Le ser­vice des urgences sera sou­mis à un finan­ce­ment tari­fi­ca­tion à l’acte, et à un « for­fait coor­di­na­tion ». Ce der­nier finan­ce­ment sera octroyé en contre­par­tie d’une réorien­ta­tion des patients vers la méde­cine de ville depuis les urgences.

Le risque sani­taire immé­diat lié à une telle évo­lu­tion est fort. « Qu’ad­vien­drait-il d’un patient réorien­té tan­dis qu’il pré­sen­tait des signes aty­piques d’in­farc­tus », s’in­ter­roge Guillaume Raimondi. 

Les réorien­ta­tions engen­dre­ront une baisse de l’ac­ti­vi­té à l’acte des urgences. Jus­qu’i­ci dans les hôpi­taux label­li­sés « de proxi­mi­té », cette baisse d’ac­ti­vi­té à entrai­né une réduc­tion des effec­tifs para­mé­di­caux et médi­caux. L’ARS qui finance direc­te­ment (hors tari­fi­ca­tion à l’acte) 80 à 90% du bud­get de ces hôpi­taux, a ain­si impo­sé une fer­me­ture des ser­vices d’ur­gences la nuit, qui sont alors appe­lés « centre de soins non pro­gram­més ».

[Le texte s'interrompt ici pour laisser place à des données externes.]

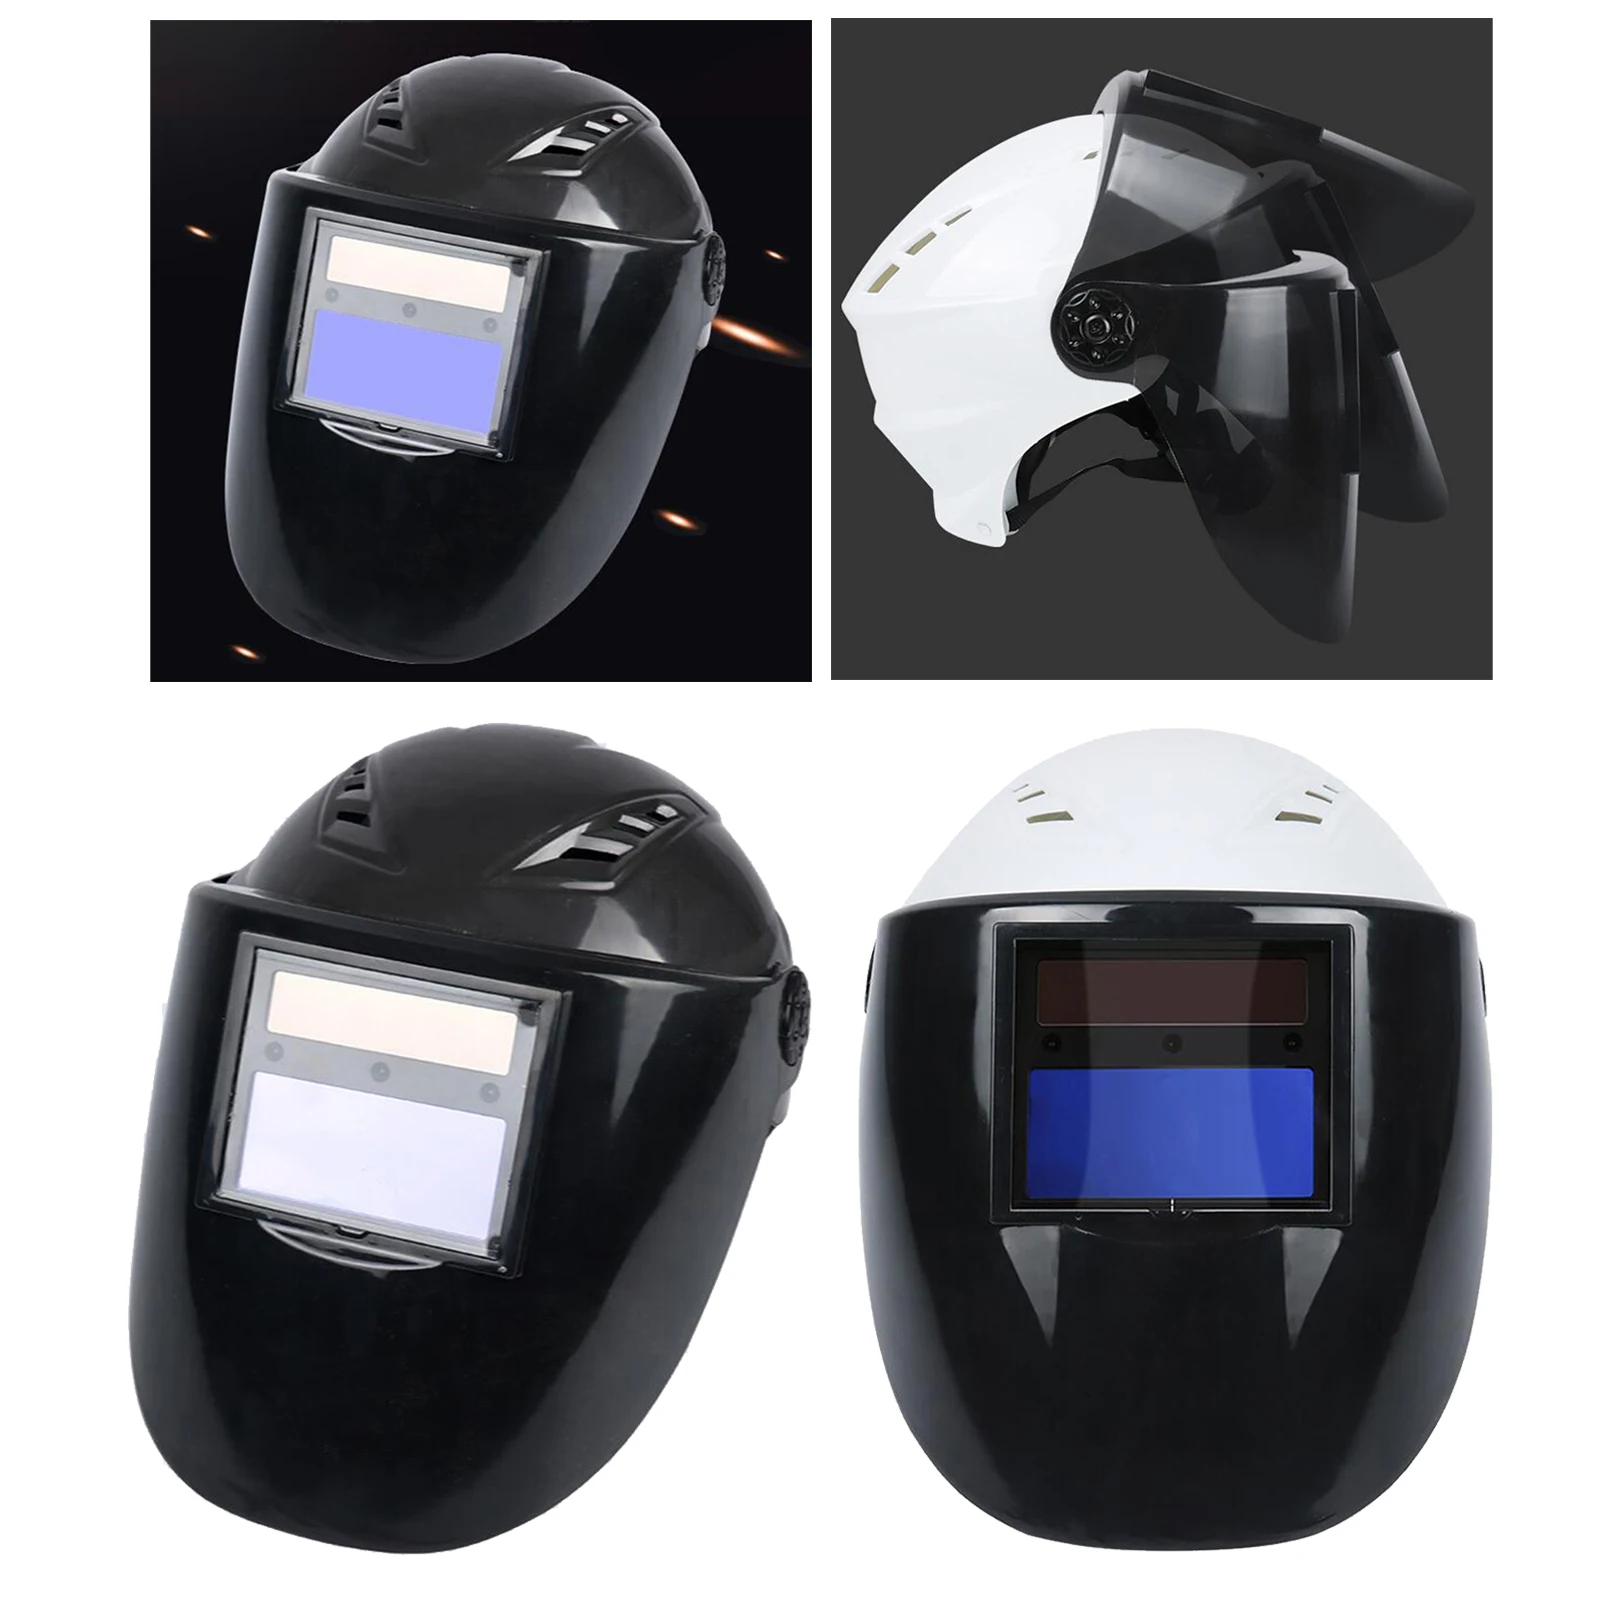 

True Color Solar Auto Darkening Filter Welding Helmet Soldering Adjustable Hood Mask Anti Sparkle for TIG MIG ARC Weld Headgear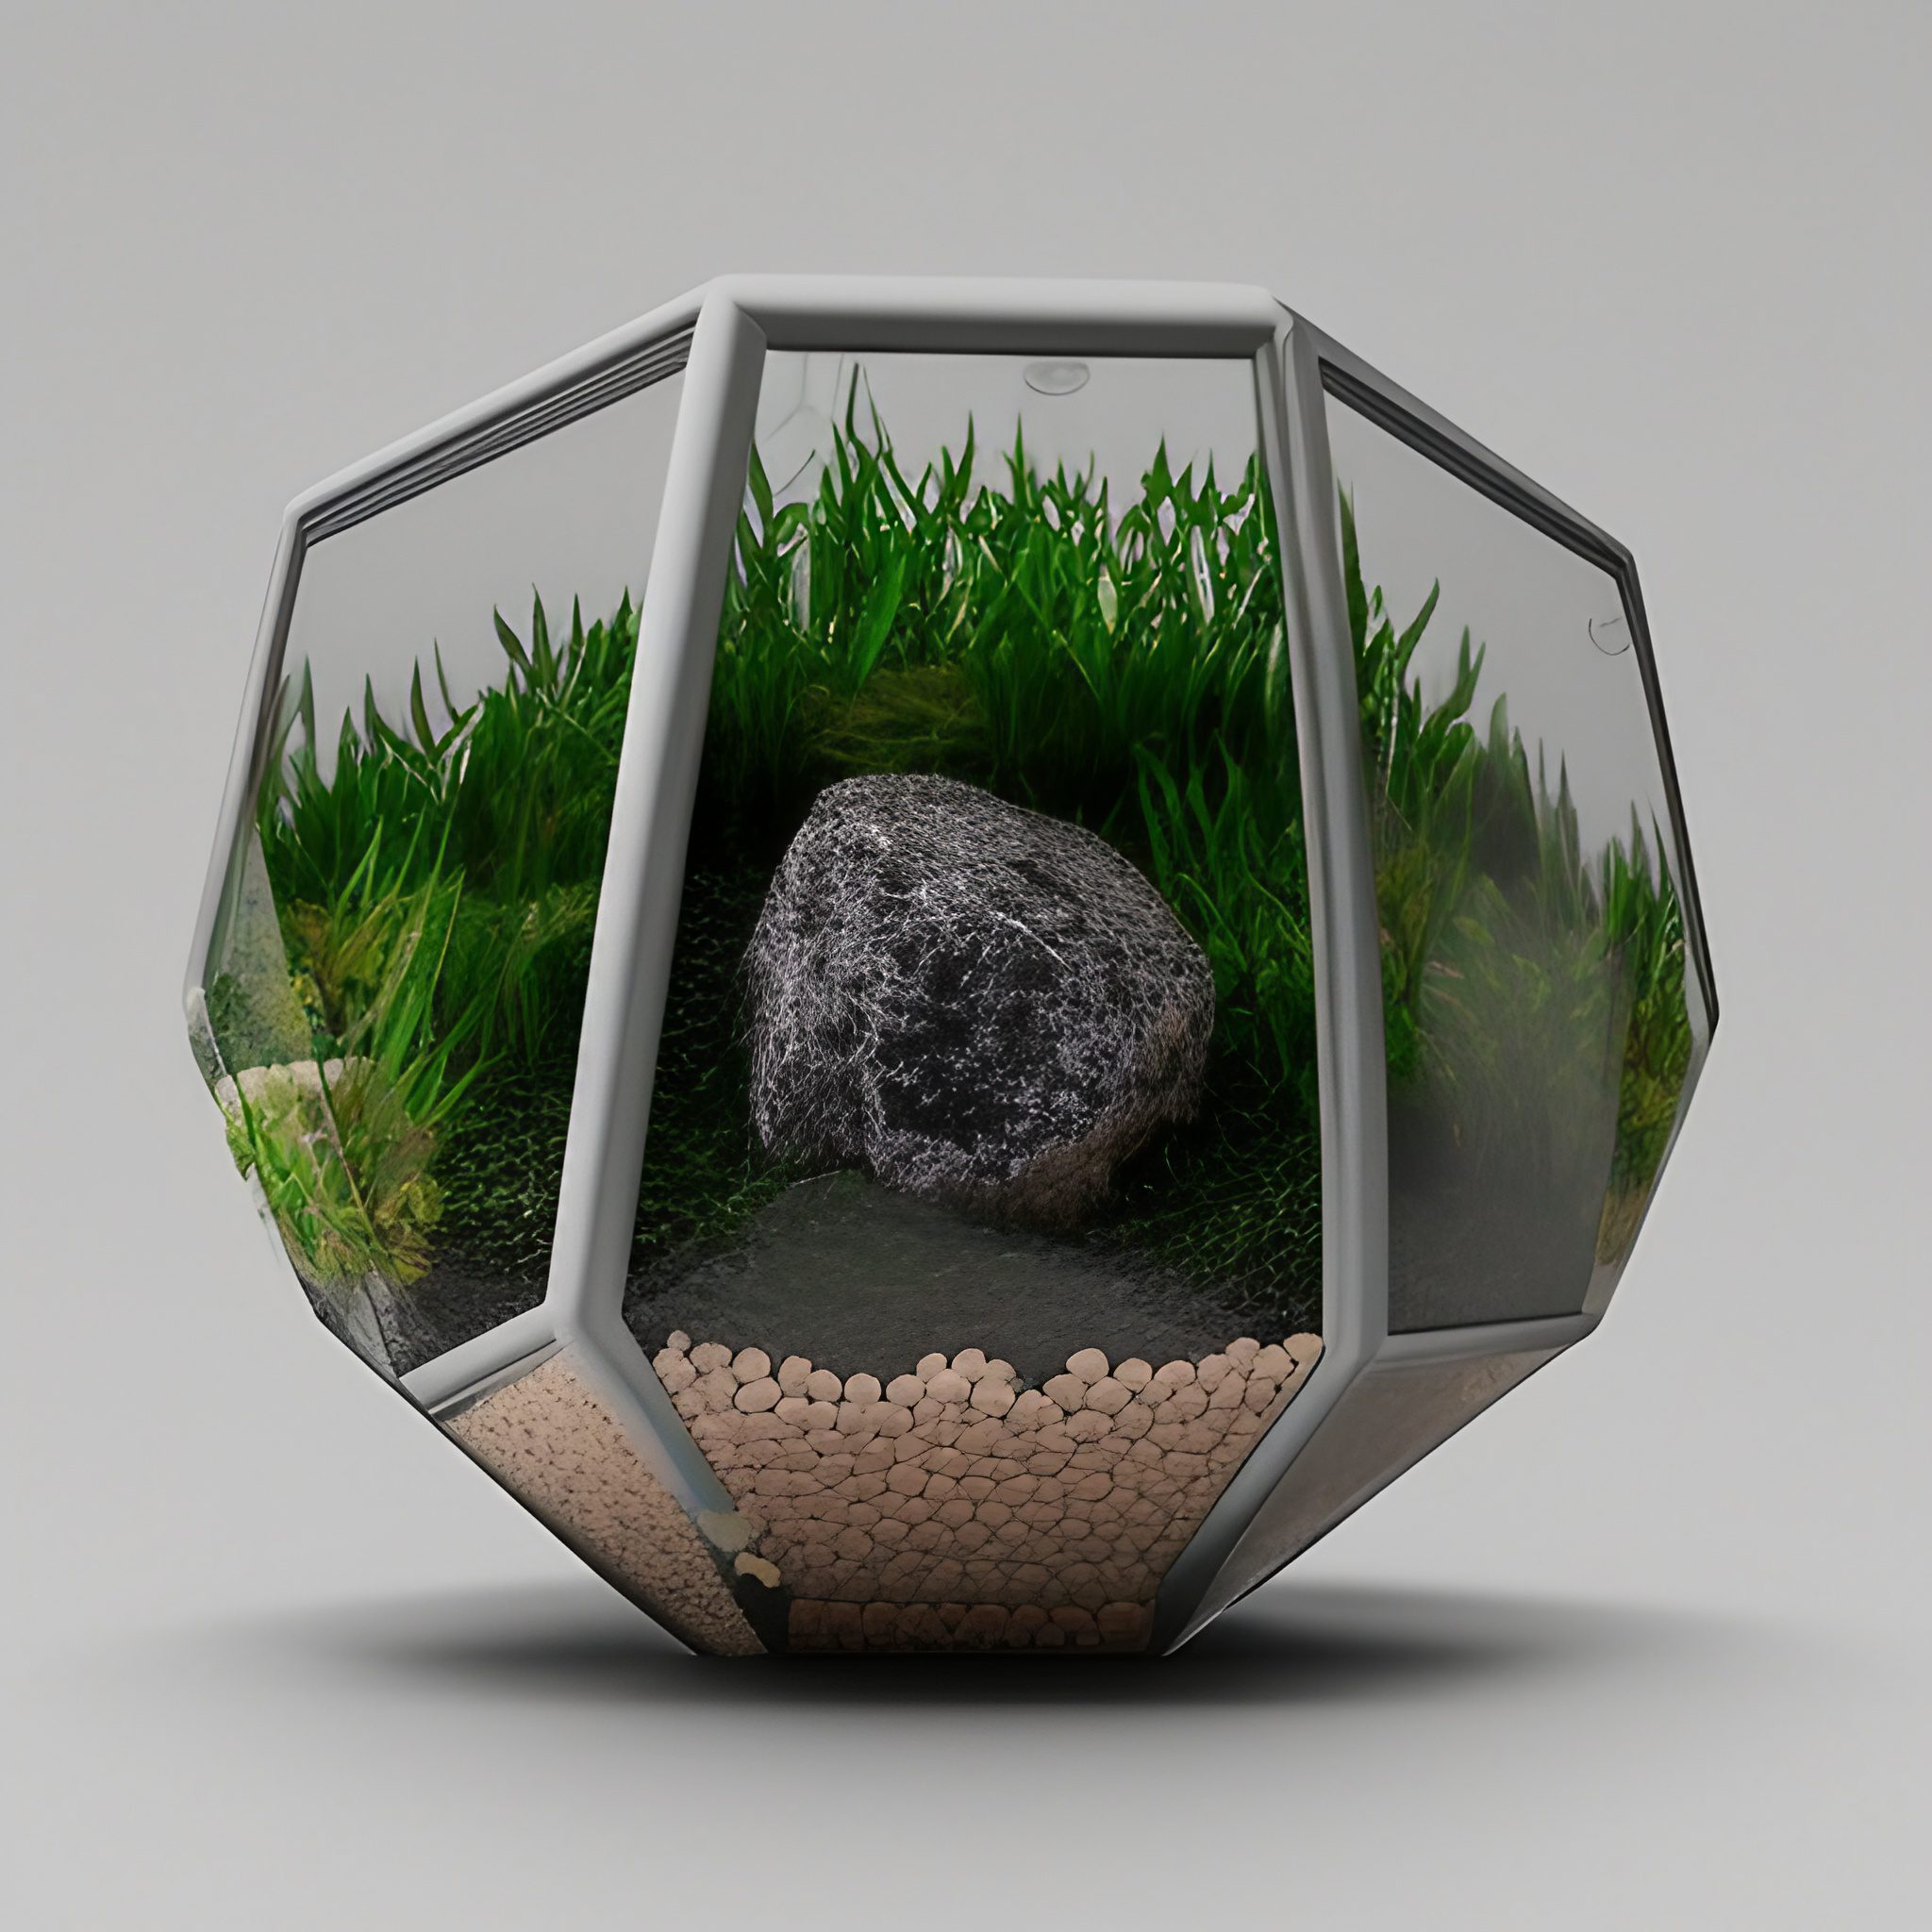 geluk Vermelden uitbarsting Impressive Geometric Terrariums You Can Buy Online - Terrarium Creations

Ceux-ci ne dis­posent sou­vent plus des capa­ci­tés de réani­ma­tion et mettent en dan­ger tout un bas­sin de popu­la­tion, notam­ment la nuit.

La CGT a ten­té d’a­ler­té le Conseil de sur­veillance sur la dan­ge­ro­si­té d’une telle mesure. Mais le vote en défa­veur de la label­li­sa­tion a été mino­ri­taire et le sen­ti­ment du syn­di­cat est que les membres du conseil, foca­li­sés sur la ges­tion finan­cière de l’hô­pi­tal, tentent faus­se­ment de se ras­su­rer sur le deve­nir de l’hô­pi­tal sou­mis au plan régio­nal de san­té 2022. 

Le syn­di­cat a par ailleurs aler­té à plu­sieurs reprise en 2019 les membres du Conseil de sur­veillance (en l’oc­cur­rence la Direc­tion du Cntre hos­pi­ta­lier de Gueb­willer, l’ARS et le Conseil Dépar­te­men­tal) sur la souf­france au tra­vail des agents à l’EH­PAD « Les Érables ». Les effec­tifs étant insuf­fi­sants, les soi­gnants sont en souf­france phy­sique et psy­chique, car ceux-ci ne peuvent plus idéa­le­ment assu­rer le main­tien de l’au­to­no­mie des résidents. 

Aucune réponse n’a été obte­nue, pas même du Conseil Dépar­te­men­tal auprès duquel la sec­tion syn­di­cale a fait par­ve­nir ses doléances.

L’en­semble de ces élé­ments alertent donc sur la mise en dan­ger du per­son­nel et sur l’a­ve­nir et la sécu­ri­té des usa­gers de ce ser­vice public.